715 - ParadiseNet: A Deep Learning Algorithm for Hypoxic Ischemic Encephalopathy Lesion Segmentation
Saturday, April 29, 2023
3:30 PM – 6:00 PM ET
Poster Number: 715 Publication Number: 715.234
Rina Bao, Boston Children's Hospital, Cambridge, MA, United States; Yangming Ou, Boston Children's Hospital; Harvard Medical School, Boston, MA, United States; Anna N. Foster, Boston Children's Hospital, Boston, MA, United States; Patricia Ellen Grant, Boston Children's Hospital, Boston, MA, United States; Yanan Song, Boston Children's Hospital, Boston, MA, United States; Rebecca J. Weiss, Boston Children's Hospital, Boston, MA, United States; Rutvi Vyas, Boston Children's Hospital, Boston, MA, United States; Sara V. Bates, Massachusetts General Hospital, Boston, MA, United States; Sarah U. Morton, Boston Children's Hospital, Boston, MA, United States; Randy L. Gollub, Athinoula A. Martinos Center for Biomedical Imaging, Massachusetts General Hospital, Charlestown, MA, United States
Postdoctoral Research Fellow Boston Children's Hospital, Harvard Medical School Cambridge, Massachusetts, United States
Background: Hypoxic ischemic encephalopathy (HIE) is a brain injury affecting 1~5/1000 term-born neonates. Therapeutic hypothermia reduces mortality/morbidity, yet ~60% of patients still die or develop neurocognitive deficits by 2 years of age. To improve outcome and clinical care of HIE, accurately identifying and segmenting lesion regions in neonatal brain MRI is a crucial step. HIE injuries in neonatal brain MRI are often diffuse (i.e., multi-focal), and small (over half the patients in our data having lesions occupying < 1% of the whole brain volume). Dice overlap between algorithm- and expert-detected lesions is only ~0.5 for HIE. In contrast, algorithms achieved 0.8-0.9 Dice segmenting brain tumors in brain MRI. Objective: To develop a deep learning method to detect HIE lesions. Design/Methods: Apparent diffusion coefficient (ADC) maps, a diffusion MRI parameter map, from 133 patients treated in MGH (2001-18) were retrospectively used. We developed an AI algorithm termed as ParadiseNet. It consists of 3 modules, mimicking main steps in clinical lesion identification: (1) global-local learning, mimicking radiologists’ examination of whole-brain and regional MRI information; (2) progressive uncertainty learning, mimicking the process of expert consensus; and (3) self-evolution learning, mimicking radiologists’ adaption of prior knowledge into a specific patient. Accuracy was evaluated by Dice, sensitivity and specificity compared to expert consensus in cross validations. We also quantified the contribution of each of the 3 algorithm modules. Results: Ablation study showed that combined 3 modules outperformed only 1 or 2 modules in ParadiseNet. Overall, ParadiseNet achieved 0.61 DICE, a significant ( >5%) improvement over state-of-the-art methods (DeepMedic and UNet). Error reduction was more remarkable in thalamus, basal ganglia, and other brain regions with key prognostic values for HIE.
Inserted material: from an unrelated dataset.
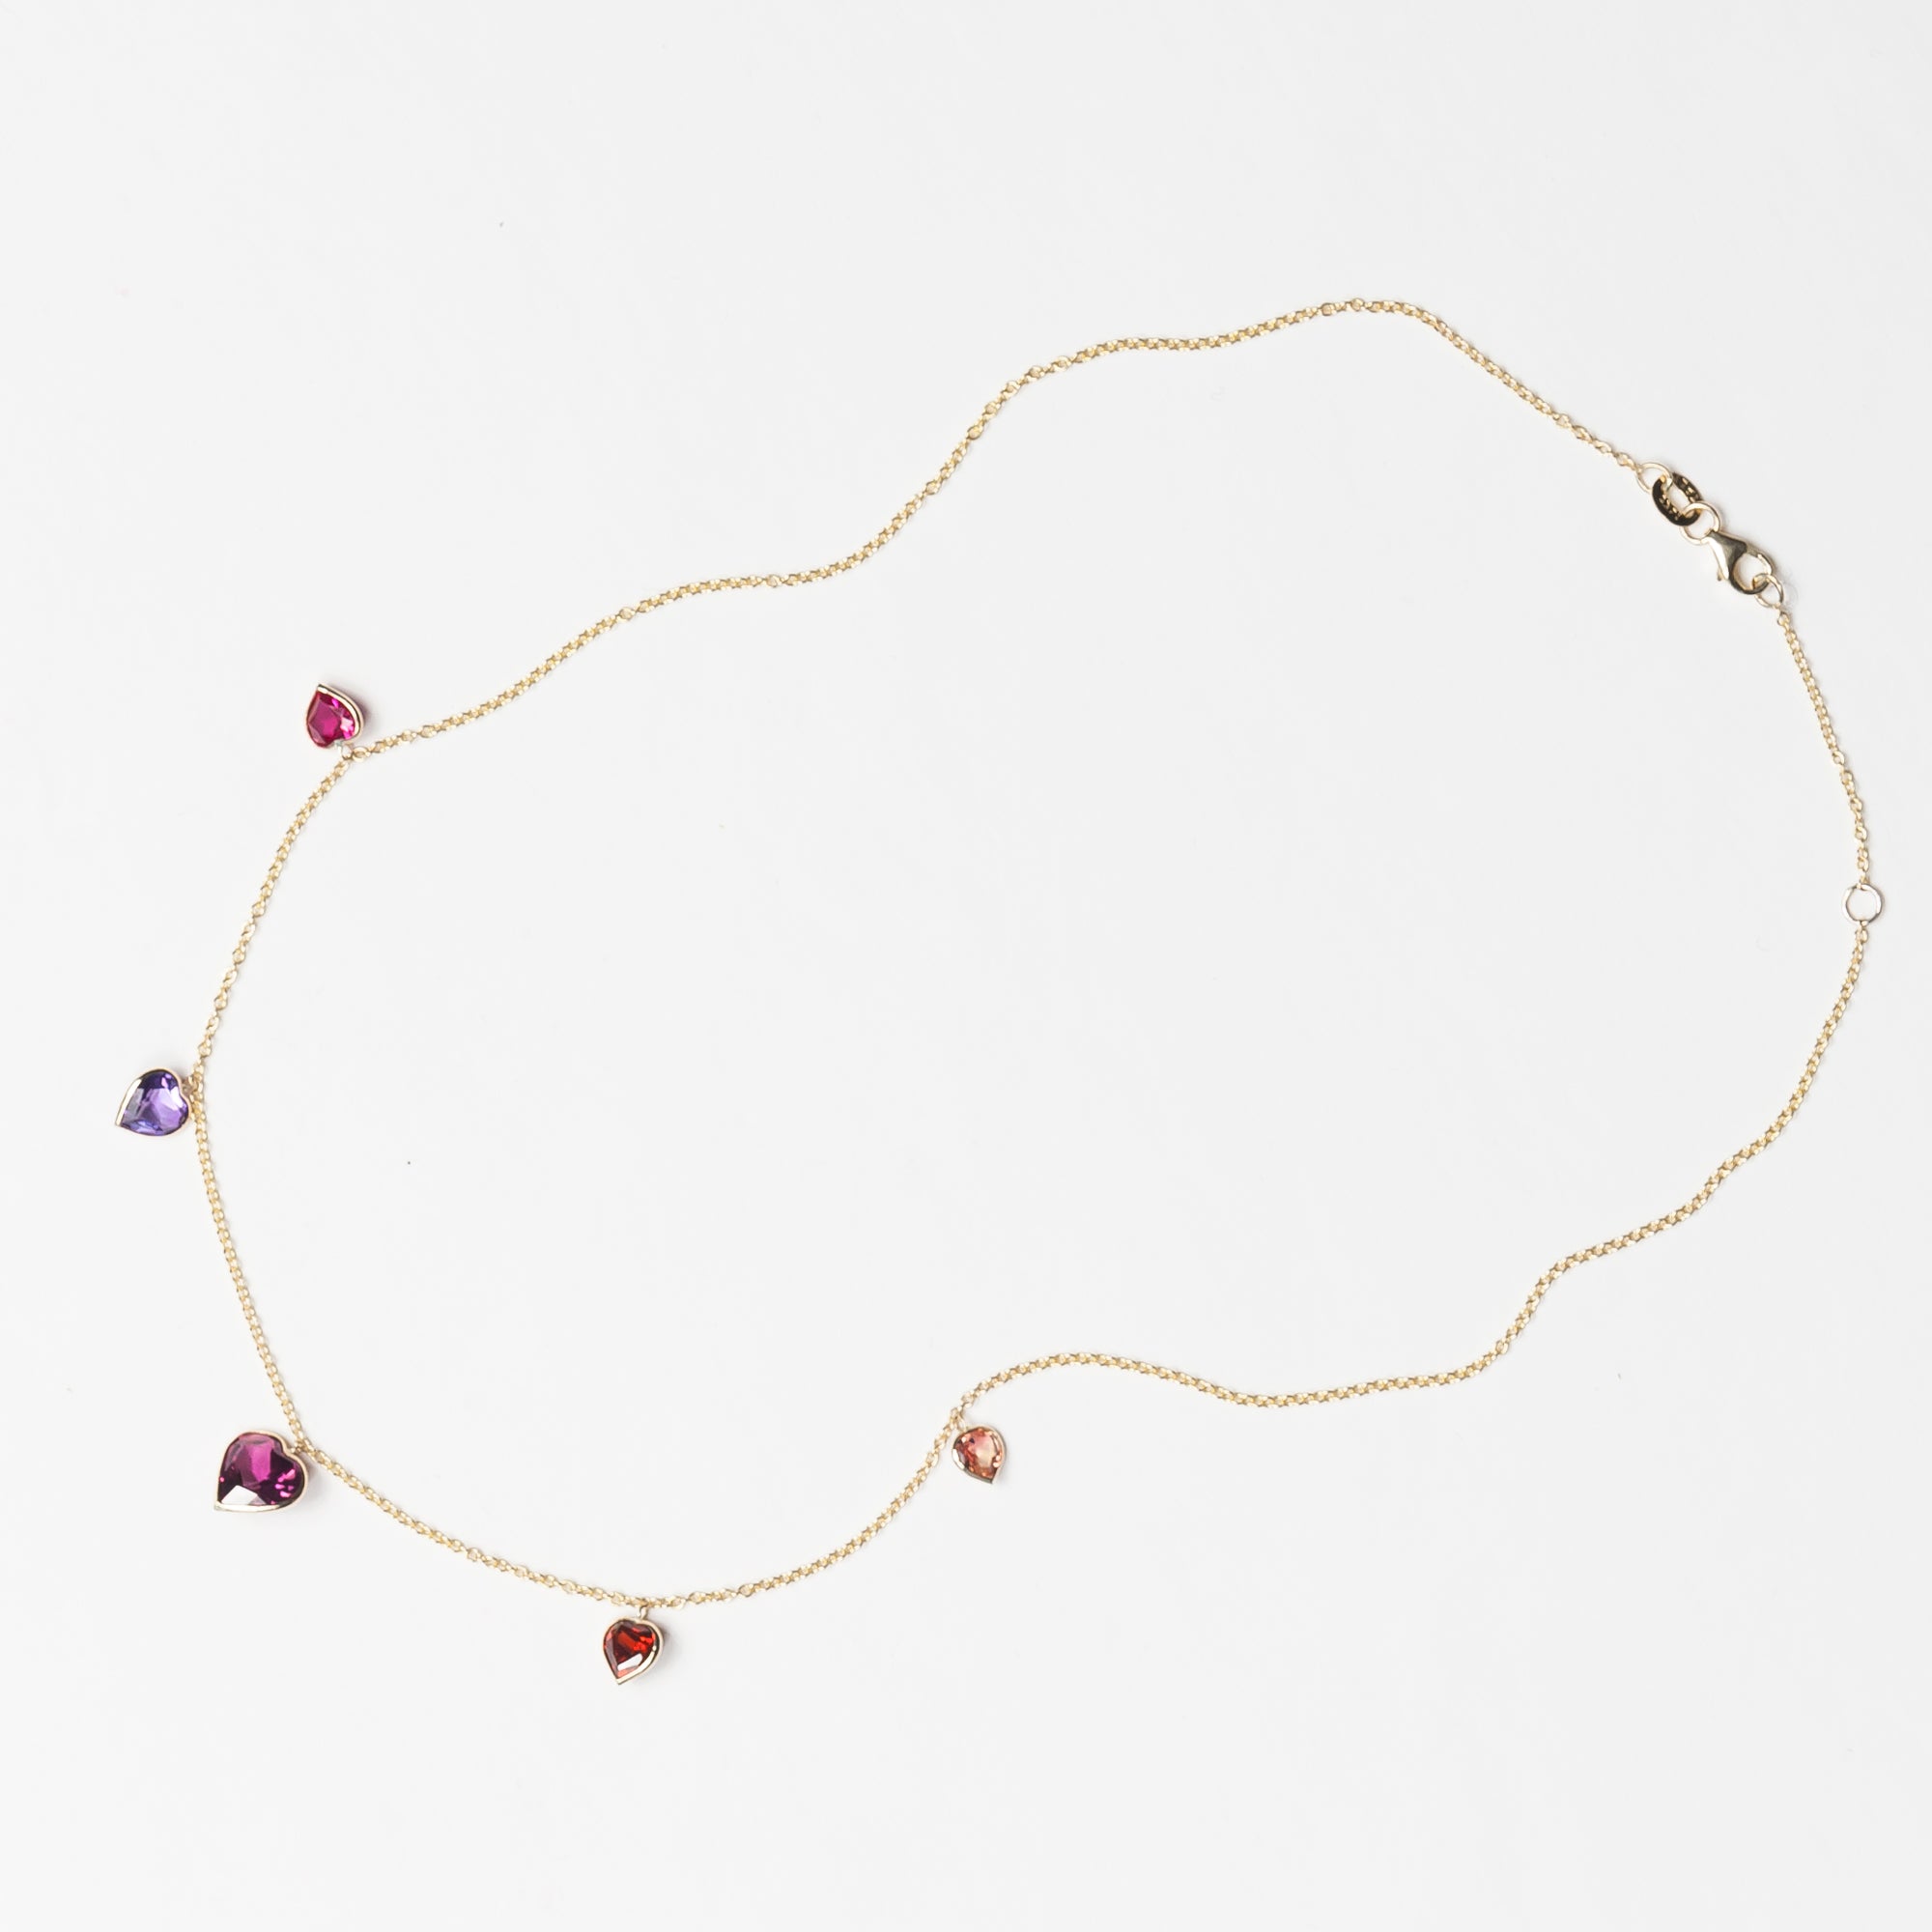 A delicate necklace from a collection of heart shaped gemstones.

Conclusion(s): Our novel ParadiseNet algorithm compared favorably against state-of-the-art algorithms on HIE lesion segmentation. Further work includes further validation in data from different sites, scanners, and imaging protocols, as well as the evaluation of the value of improved lesion detection toward HIE outcome prediction.